Migration Naming Conventions
Use descriptive, action-oriented names:
✅ Good: - 001_create_users_table - 002_add_email_unique_constraint - 003_create_index_users_email - 004_rename_column_user_id_to_author_id - 005_add_soft_delete_columns ❌ Bad: - 001_update - 002_fix - 003_schema_change - 004_v2
Include timestamp + sequence:
2024_11_17_001_create_users_table.sql 2024_11_17_002_add_email_index.sql
Schema Design Principles
Normalization (1NF, 2NF, 3NF)
First Normal Form (1NF):
- •Eliminate repeating groups
- •All columns contain atomic (non-divisible) values
- •Each row is unique
-- ❌ NOT 1NF: phone_numbers is a repeating group
CREATE TABLE users (
id BIGSERIAL PRIMARY KEY,
name VARCHAR(255),
phone_numbers VARCHAR(255) -- "555-1234, 555-5678"
);
-- ✅ 1NF: Separate table for phone numbers
CREATE TABLE user_phones (
id BIGSERIAL PRIMARY KEY,
user_id BIGINT REFERENCES users(id),
phone_number VARCHAR(20)
);
Second Normal Form (2NF):
- •Meets 1NF
- •Remove partial dependencies (non-key columns depend on ALL of primary key)
-- ❌ NOT 2NF: course_name depends only on course_id, not on (student_id, course_id)
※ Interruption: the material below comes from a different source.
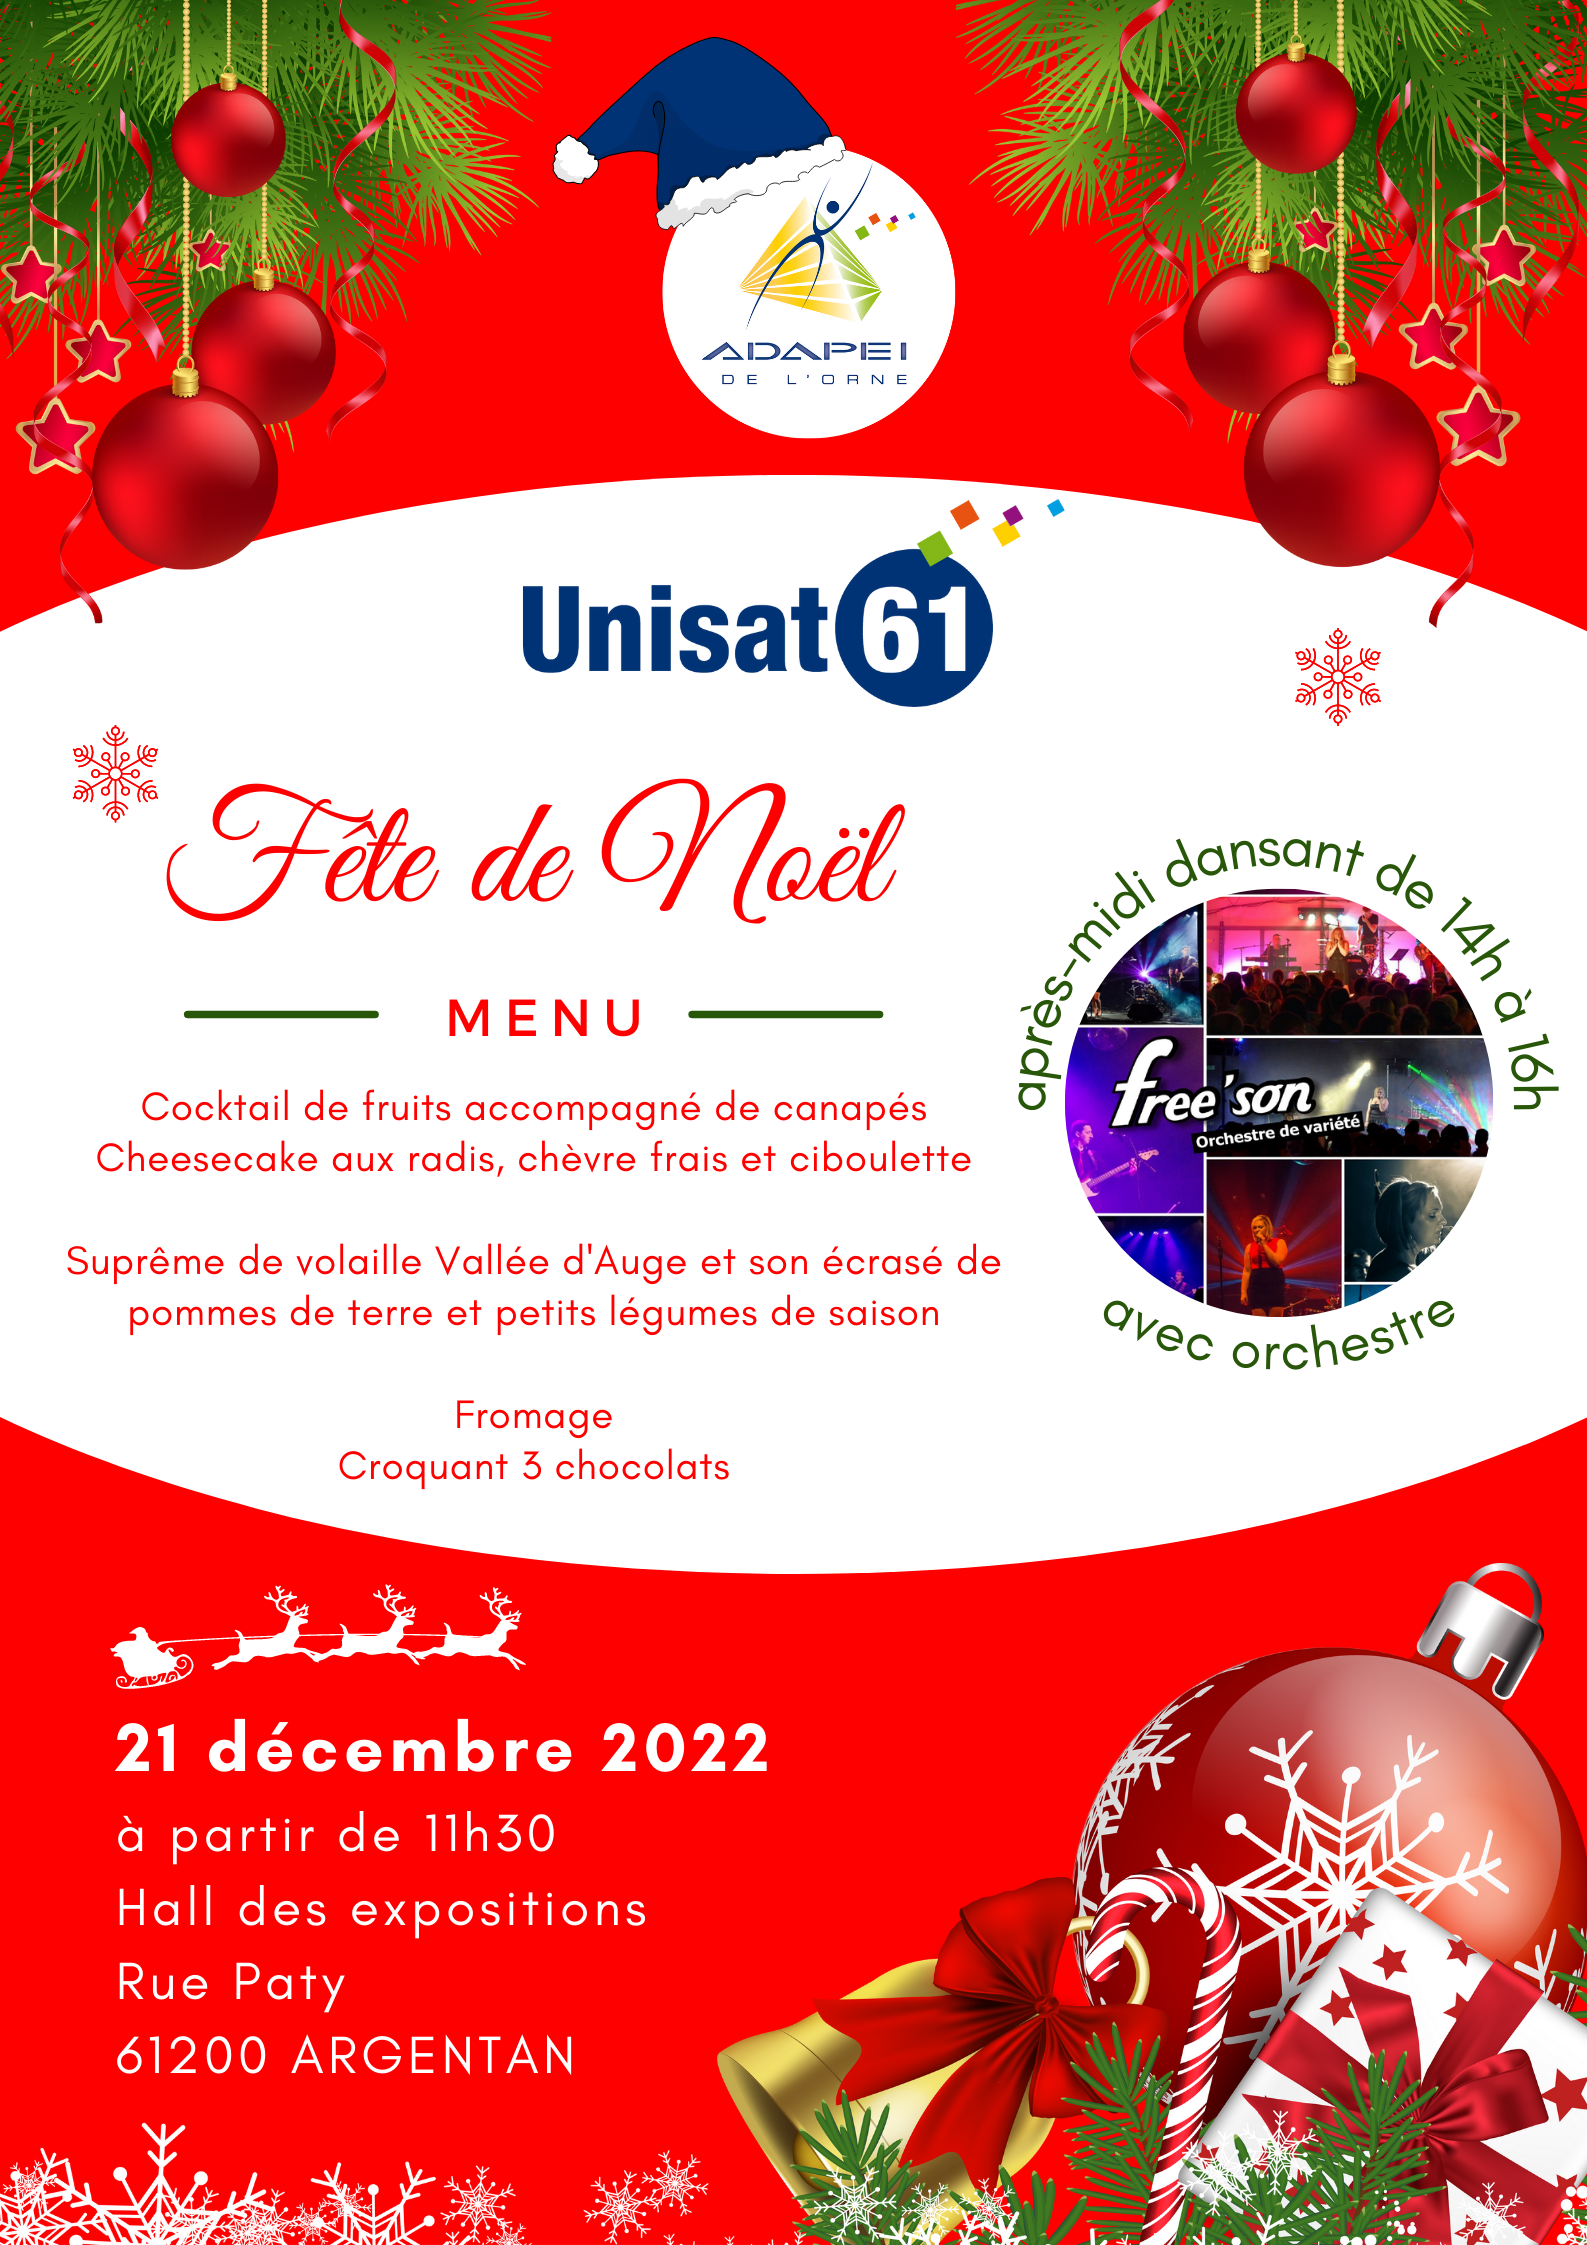 Grand rassemblement de Noël pour UNISAT 61 au Hall des Expositions à Argentan le 21 décembre 2022

CREATE TABLE enrollments (
student_id BIGINT,
course_id BIGINT,
course_name VARCHAR(255), -- Should be in courses table
grade CHAR(1),
PRIMARY KEY (student_id, course_id)
);
-- ✅ 2NF: Move course_name to separate table
CREATE TABLE courses (
id BIGINT PRIMARY KEY,
name VARCHAR(255)
);
CREATE TABLE enrollments (
student_id BIGINT,
course_id BIGINT REFERENCES courses(id),
grade CHAR(1),
PRIMARY KEY (student_id, course_id)
);
Third Normal Form (3NF):
- •Meets 2NF
- •Remove transitive dependencies (non-key columns don't depend on other non-key columns)
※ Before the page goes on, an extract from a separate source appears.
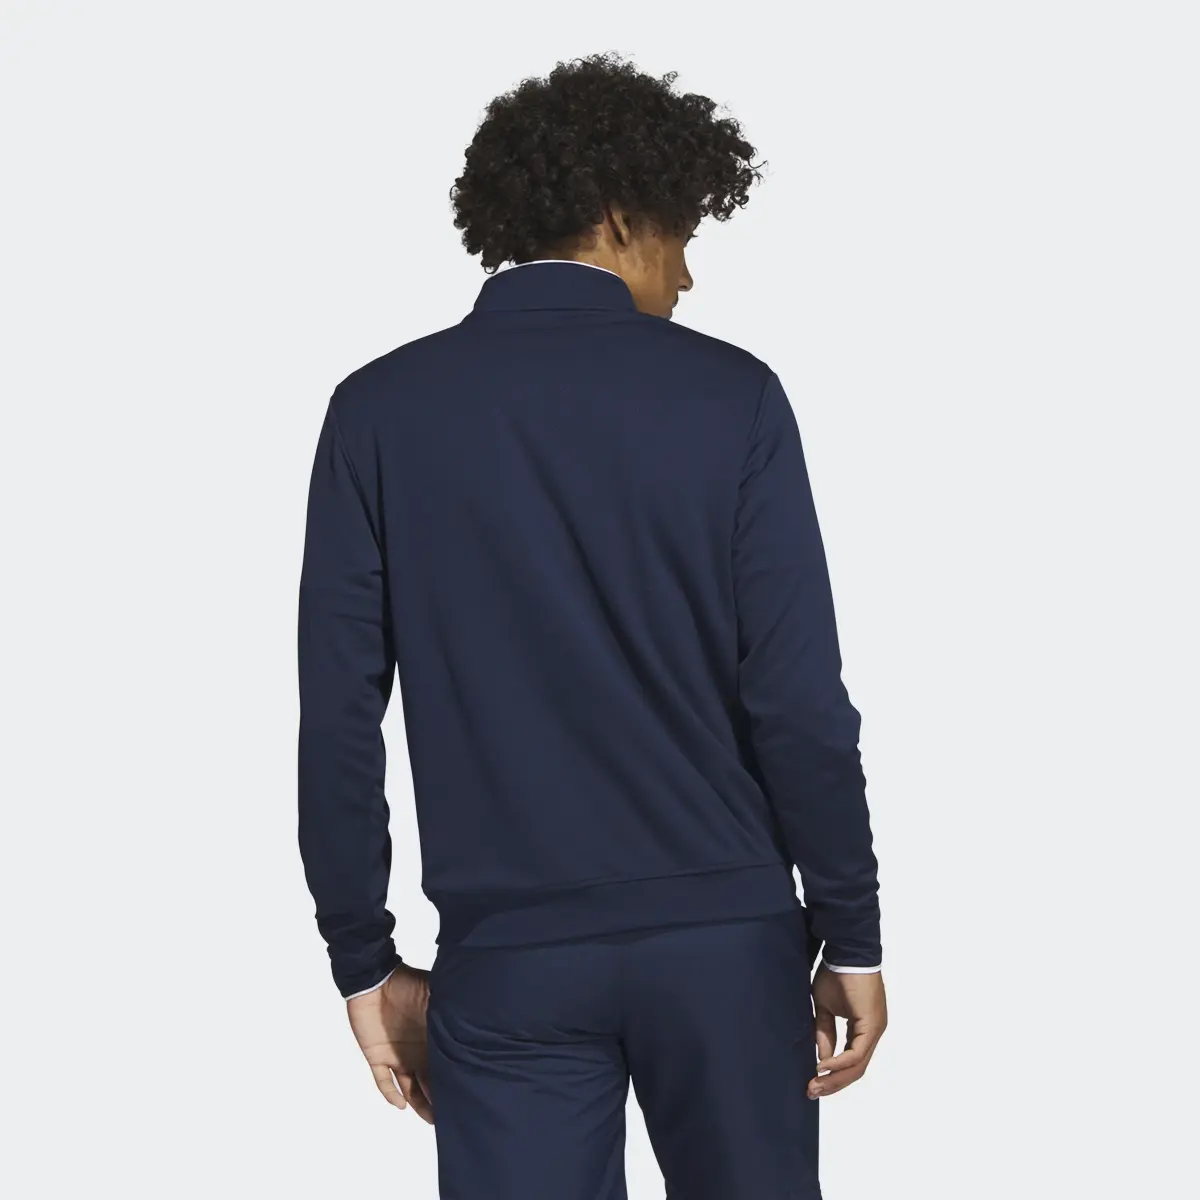 Adidas Quarter-Zip Sweatshirt. 3

-- ❌ NOT 3NF: city and state depend on zip_code, not on user_id
CREATE TABLE users (
id BIGINT PRIMARY KEY,
name VARCHAR(255),
zip_code VARCHAR(5),
city VARCHAR(100),
state CHAR(2)
);
-- ✅ 3NF: Move location info to separate table
CREATE TABLE zip_codes (
code VARCHAR(5) PRIMARY KEY,
city VARCHAR(100),
state CHAR(2)
);
CREATE TABLE users (
id BIGINT PRIMARY KEY,
name VARCHAR(255),
zip_code VARCHAR(5) REFERENCES zip_codes(code)
);
Denormalization (When and Why)
Denormalize when:
- •Query patterns are read-heavy (much more than writes)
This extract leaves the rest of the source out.